Could you copy word for word only the lines between the one containing "Hand-Crafted Siam Walnut/Acacia" and the end of the listing below, both included, and leave out the pictures?
DATA Block Start
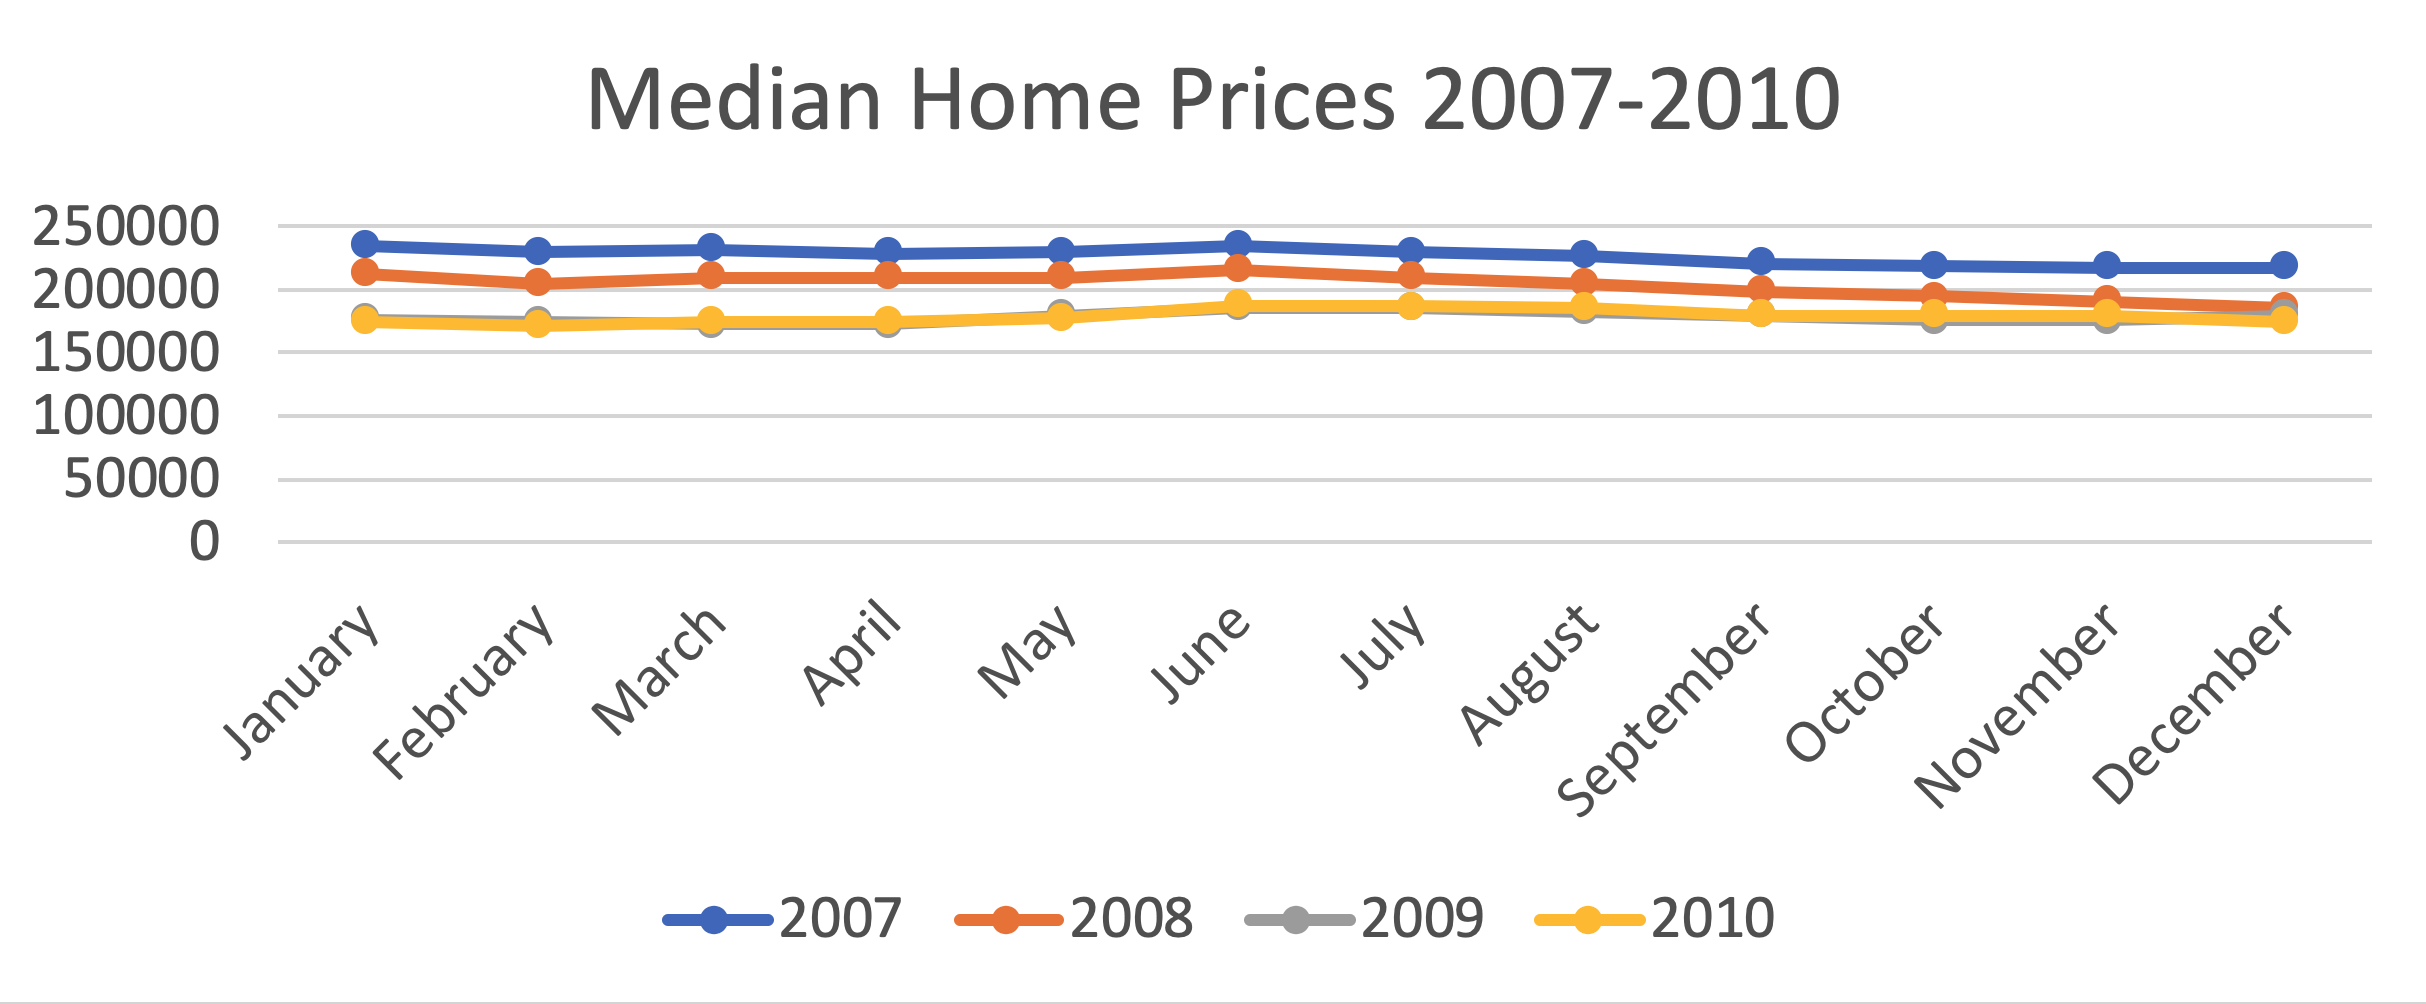 median home prices 2007-2010
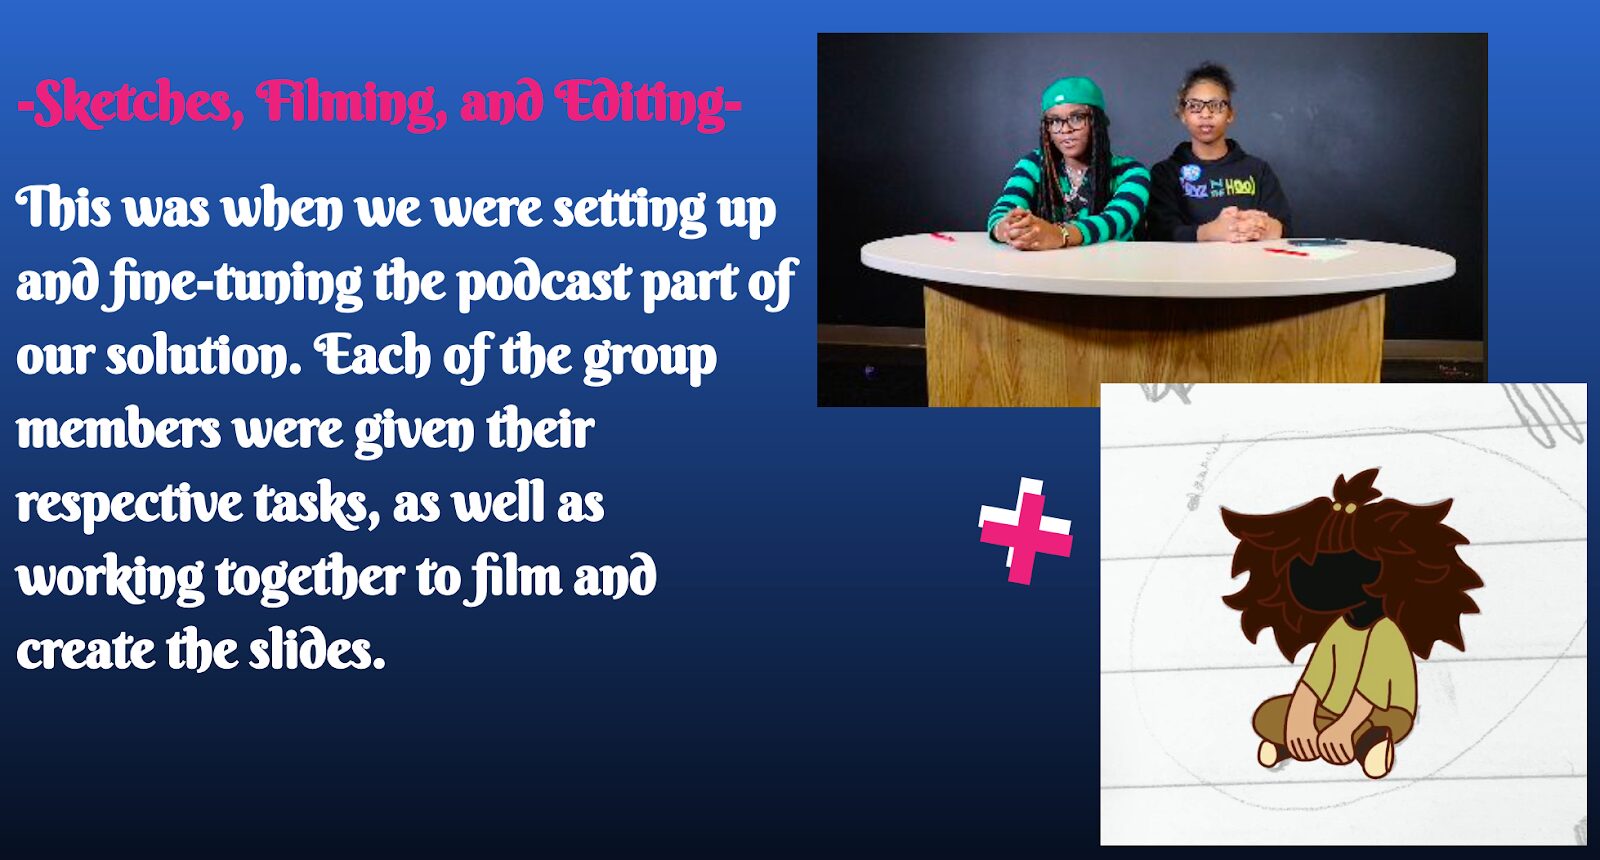 A slide explaining how the group divided roles between sketching, filming, and editing. The slide has a picture of two students at a studio desk above an image of an illustrated character.
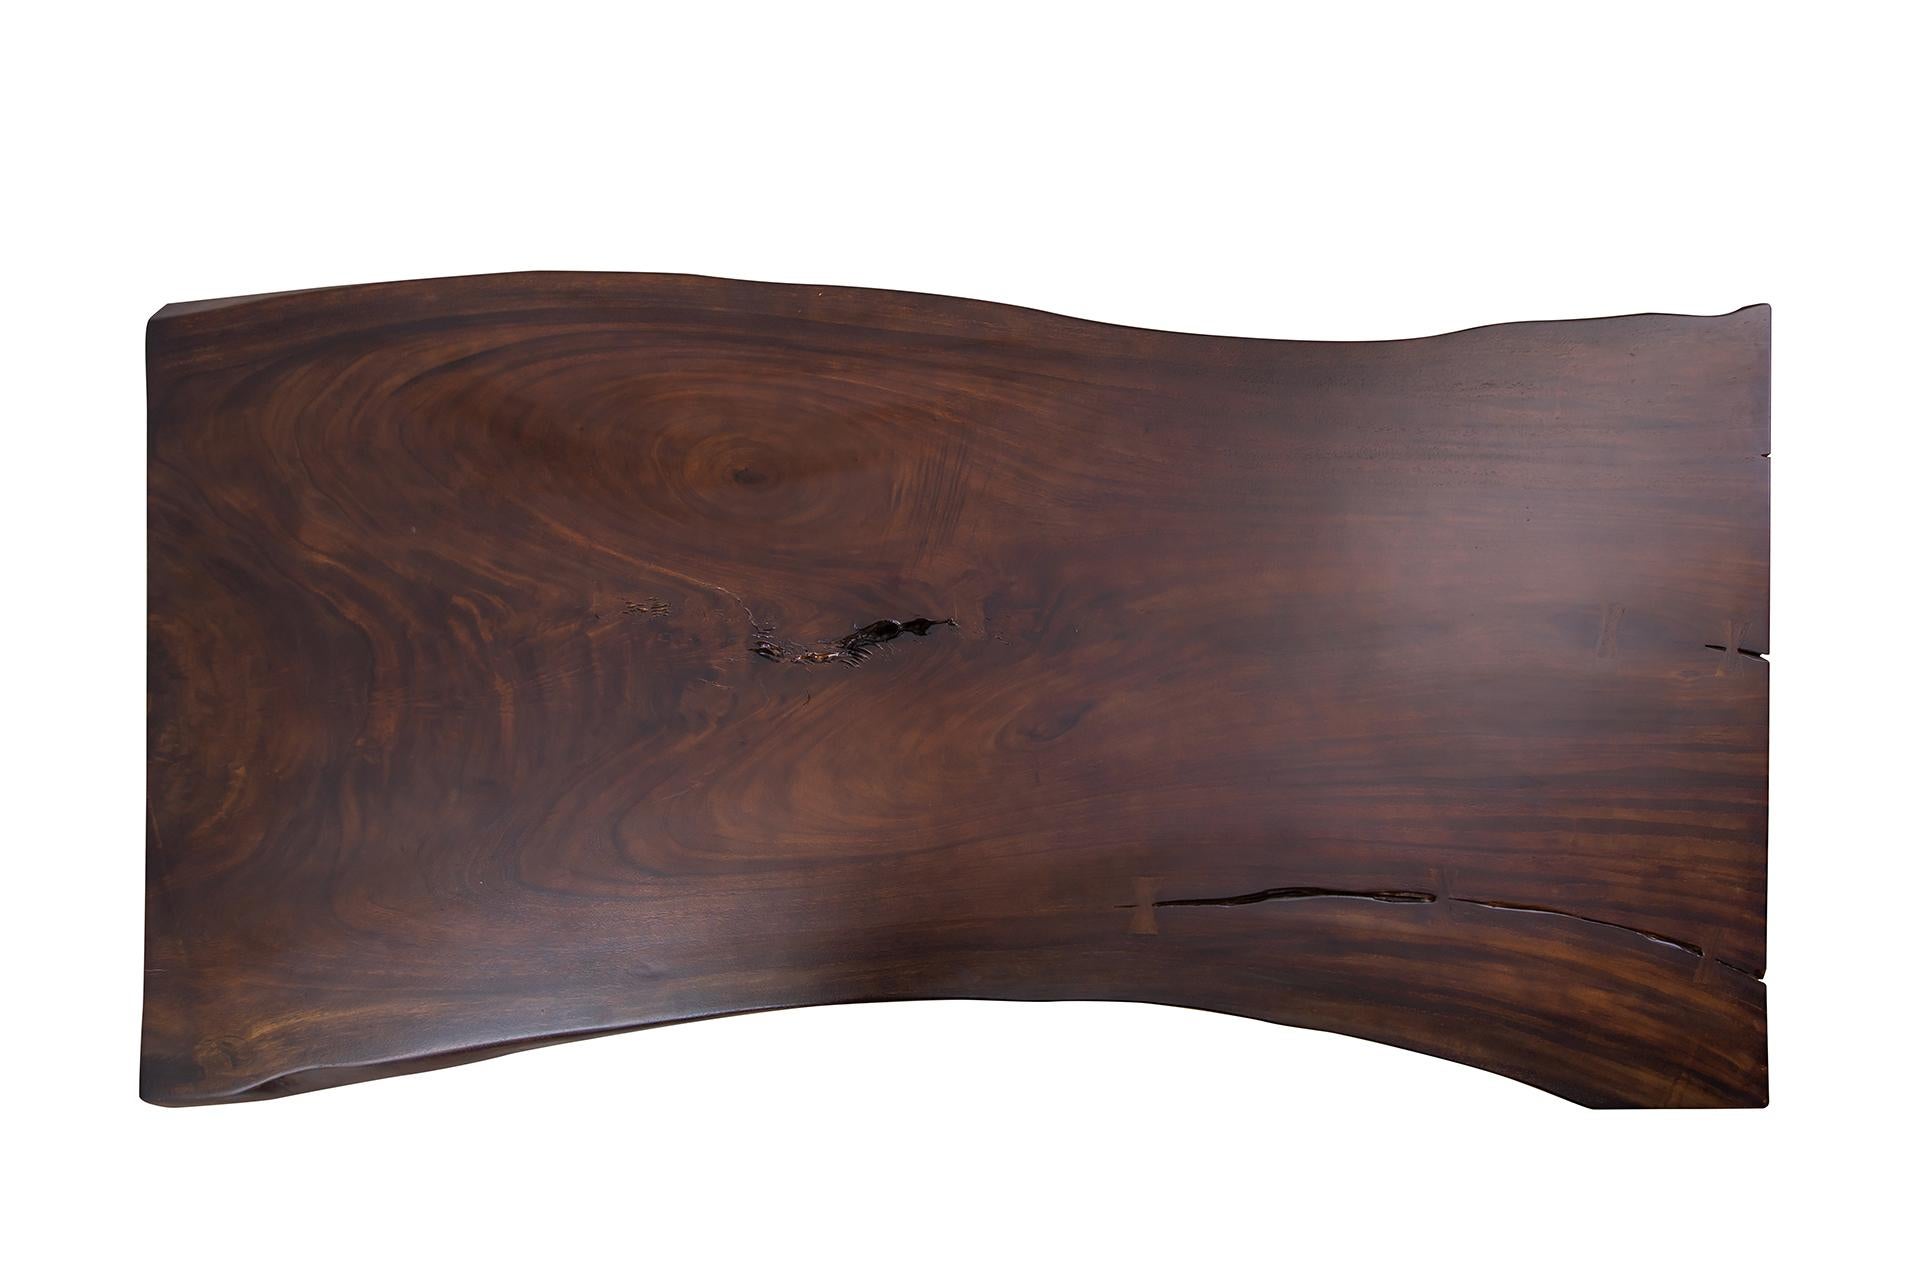 Hand-Crafted Siam Walnut/Acacia Live Edge Limited Edition Slab Table in Smooth Dark Chocolate For Sale
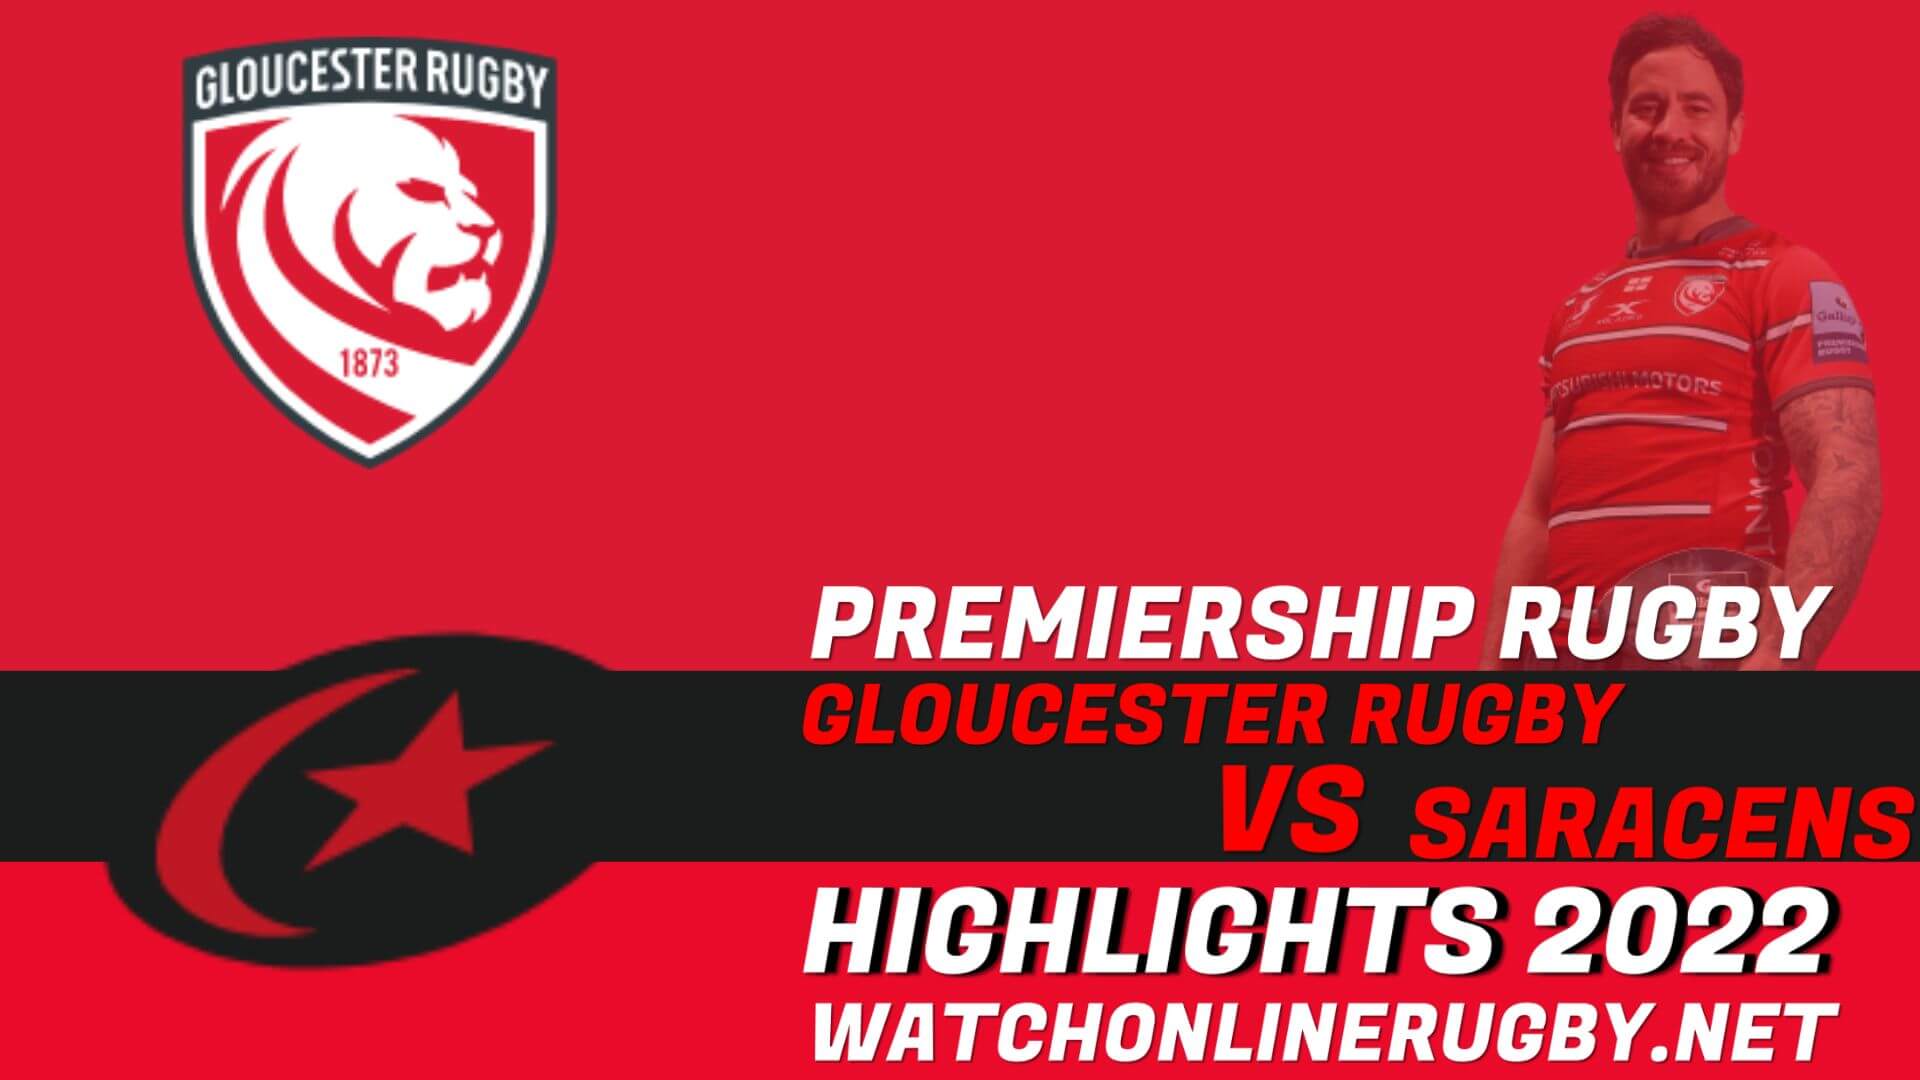 Gloucester Rugby Vs Saracens Premiership Rugby 2022 RD 26
DATA Block End
COMPLETED EXERCISE:
 Hand-Crafted Siam Walnut/Acacia Live Edge Limited Edition Slab Table in Smooth Dark Chocolate For Sale
 Gloucester Rugby Vs Saracens Premiership Rugby 2022 RD 26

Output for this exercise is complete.